The Eri Group - Cell Stress, Inflammation and Immunity

The hierarchical activation of inflammasomes in chronic colitis

Inflammasomes are protein complexes that are implicated in initiation of many diseases including inflammatory bowel disease (IBD). In our laboratory, we have characterised a mouse model that develops spontaneous colitis similar to human colitis. We have a strong indication from human studies that specific inflammasomes are activated in IBD. In this mouse model, we want to explore functional studies as to how inflammasome contributes to pathogenesis of IBD.
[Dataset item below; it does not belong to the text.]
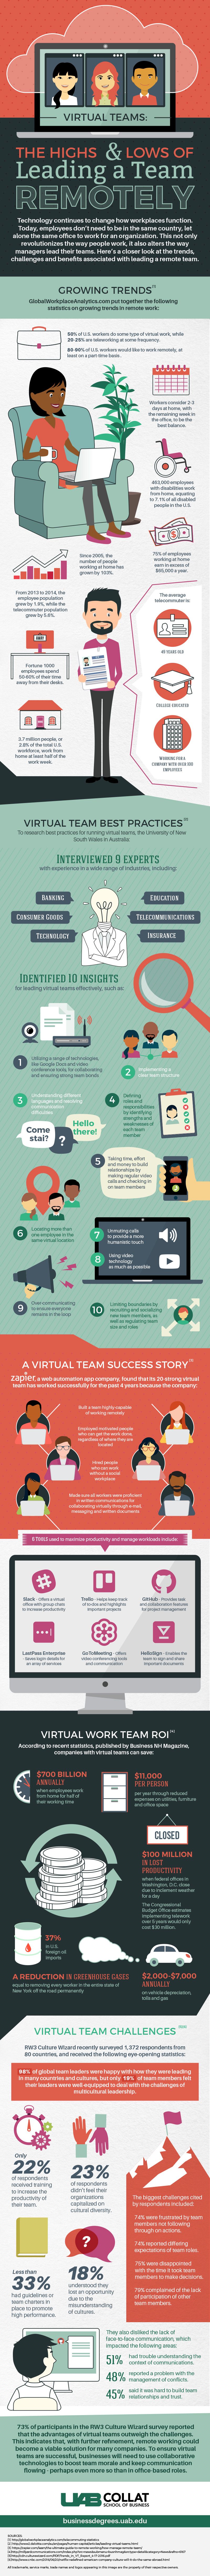 An infographic about remote team leadership by UAB Collat School of Business.
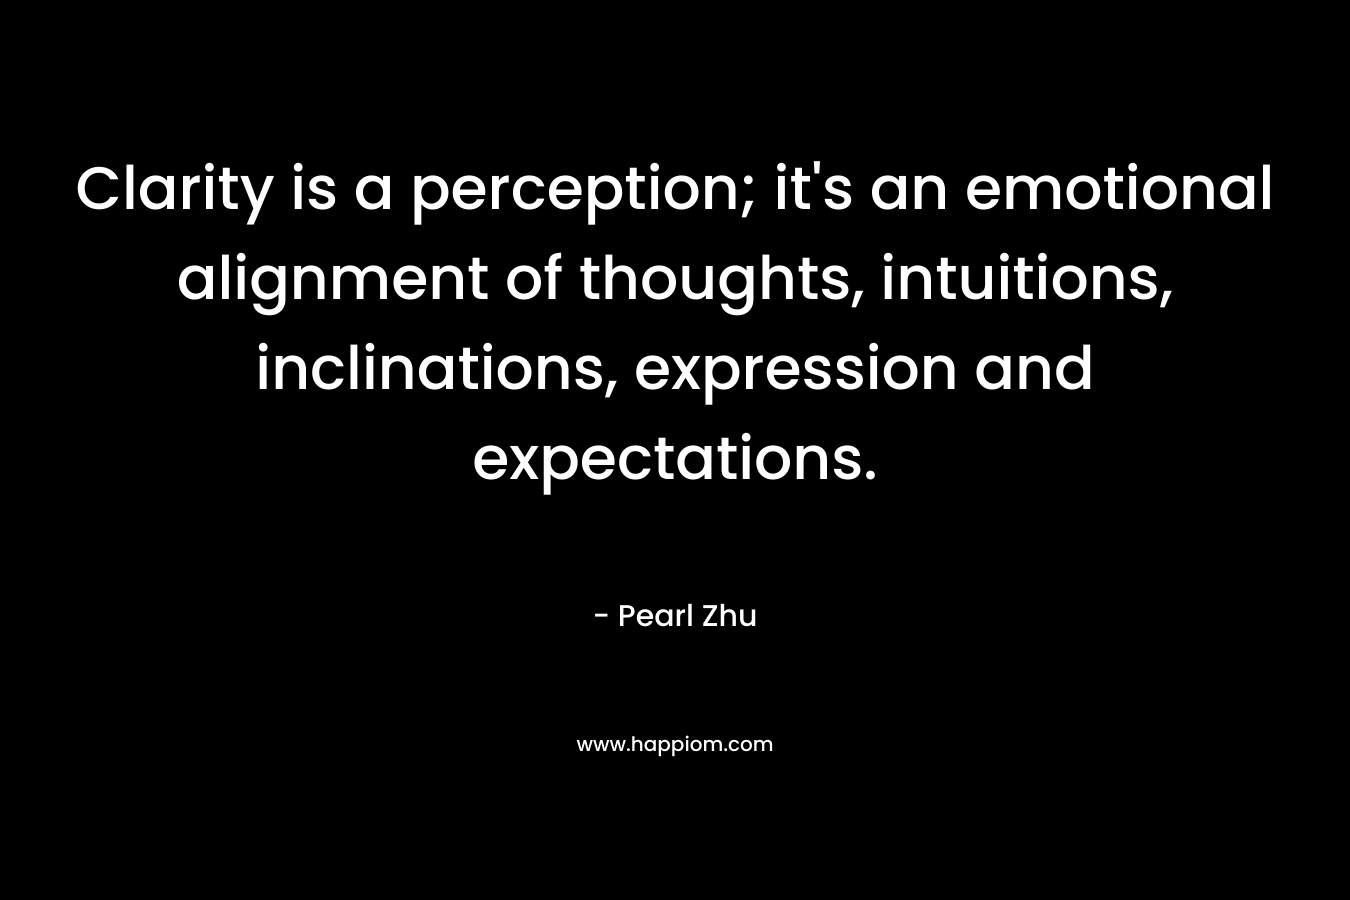 Clarity is a perception; it’s an emotional alignment of thoughts, intuitions, inclinations, expression and expectations. – Pearl Zhu

Characterisation of flat dysplasia in colitis associated colorectal cancer

Patients with ulcerative colitis are at increased risk of developing colorectal cancer. Colitis-associated colorectal cancer (CACC) progresses through similar stepwise gene mutations observed in sporadic cancers, but the sequence in which they occur is reversed. Understanding the transition from colitis to tumour requires relevant animal models. Colonic carcinogenesis has been modelled using genotoxic carcinogens such as azoxymethane. We hypothesise that exacerbation of pre-existing chronic colitis in a Muc2 mutant (Winnie) mouse strain with dextran sulphate sodium (DSS) would induce colorectal tumorigenesis.

CCR6 deficiency aggravates colitis in a spontaneous colitis model

Chemokine receptor 6 (CCR6) and its ligand CCL20 is implicated to play a major role in IBD pathogenesis. The CCR6/CCL20 axis is involved in both immune regulation and activation. CCR6 is expressed by both pro-inflammatory cells and regulatory T cells elucidate the dual role of the receptor. The contradictory role of CCR6/CCL20 in inflammation/homeostasis requires further research.